When you perform a hypothesis test, there are four possible outcomes depending on the actual truth (or falseness) of the null hypothesis H_{0} and the decision to reject or not. The outcomes are summarized in the following table:
Statistical Decision | H_{0} is actually... | |
---|---|---|
True | False | |
Cannot reject H_{0} | Correct outcome | Type II error |
Cannot accept H_{0} | Type I error | Correct outcome |
The four possible outcomes in the table are:
- The decision is cannot reject H_{0} when H_{0} is true (correct decision).
- The decision is cannot accept H_{0} when H_{0} is true (incorrect decision known as aType I error). This case is described as "rejecting a good null". As we will see later, it is this type of error that we will guard against by setting the probability of making such an error. The goal is to NOT take an action that is an error.
- The decision is cannot reject H_{0} when, in fact, H_{0} is false (incorrect decision known as a Type II error). This is called "accepting a false null". In this situation you have allowed the status quo to remain in force when it should be overturned. As we will see, the null hypothesis has the advantage in competition with the alternative.
- The decision is cannot accept H_{0} when H_{0} is false (correct decision).
Each of the errors occurs with a particular probability. The Greek letters α and β represent the probabilities.
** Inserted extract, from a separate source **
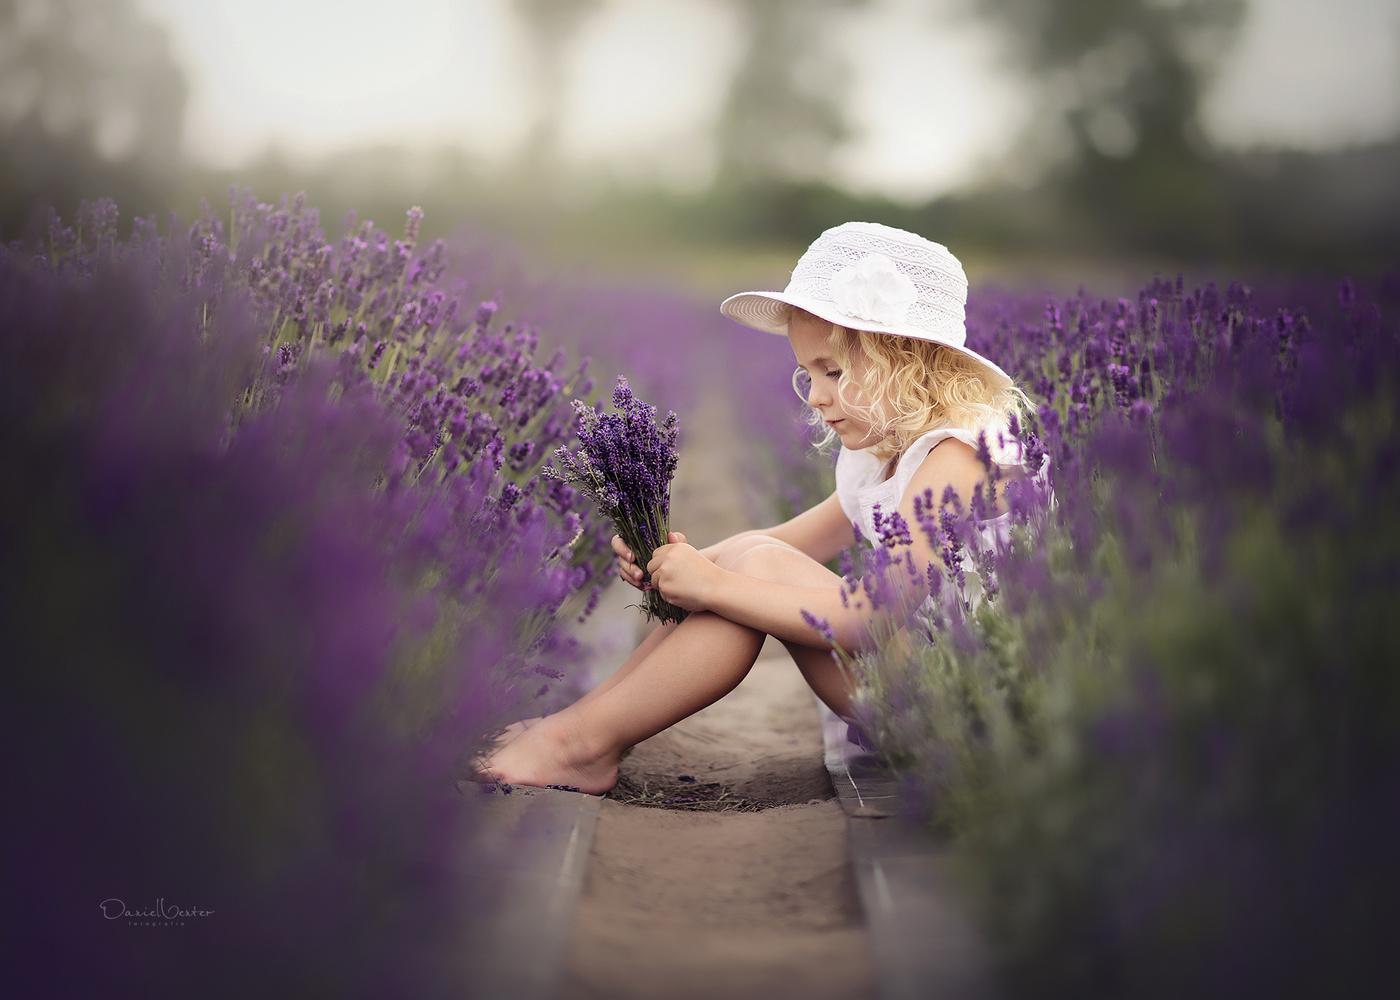 Lavender Dreams by Daniel Venter

α = probability of a Type I error = P(Type I error) = probability of rejecting the null hypothesis when the null hypothesis is true: rejecting a good null.
β = probability of a Type II error = P(Type II error) = probability of not rejecting the null hypothesis when the null hypothesis is false. (1 − β) is called the Power of the Test.
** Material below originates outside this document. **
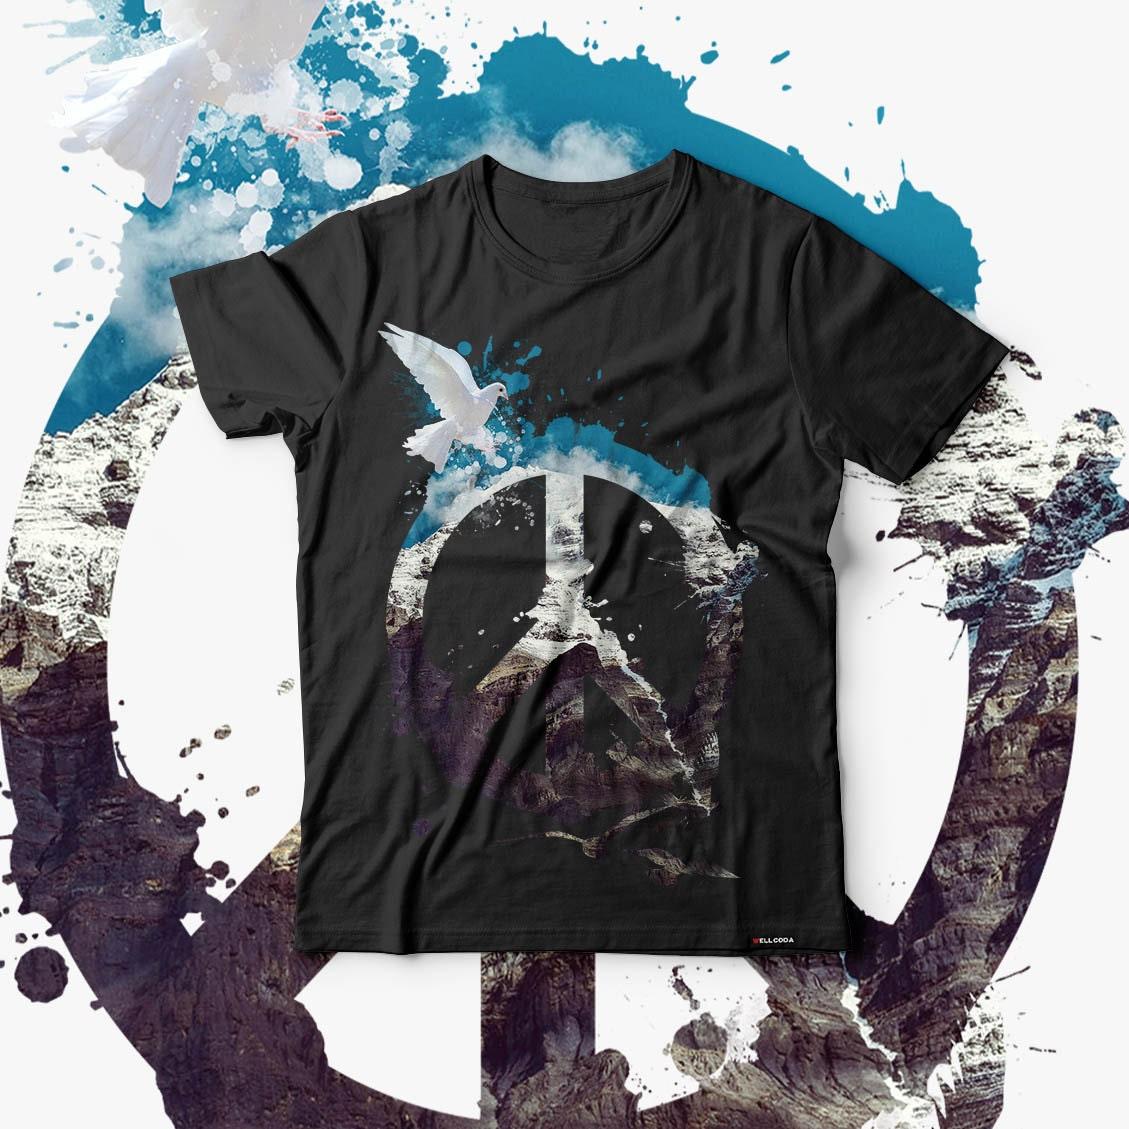 Animal Peace and Love Bird Life Men Black Tshirt S5XL NEW  Wellcoda

α and β should be as small as possible because they are probabilities of errors.
Statistics allows us to set the probability that we are making a Type I error. The probability of making a Type I error is α. Recall that the confidence intervals in the last unit were set by choosing a value called Z_{α} (or t_{α}) and the alpha value determined the confidence level of the estimate because it was the probability of the interval failing to capture the true mean (or proportion parameter p). This alpha and that one are the same.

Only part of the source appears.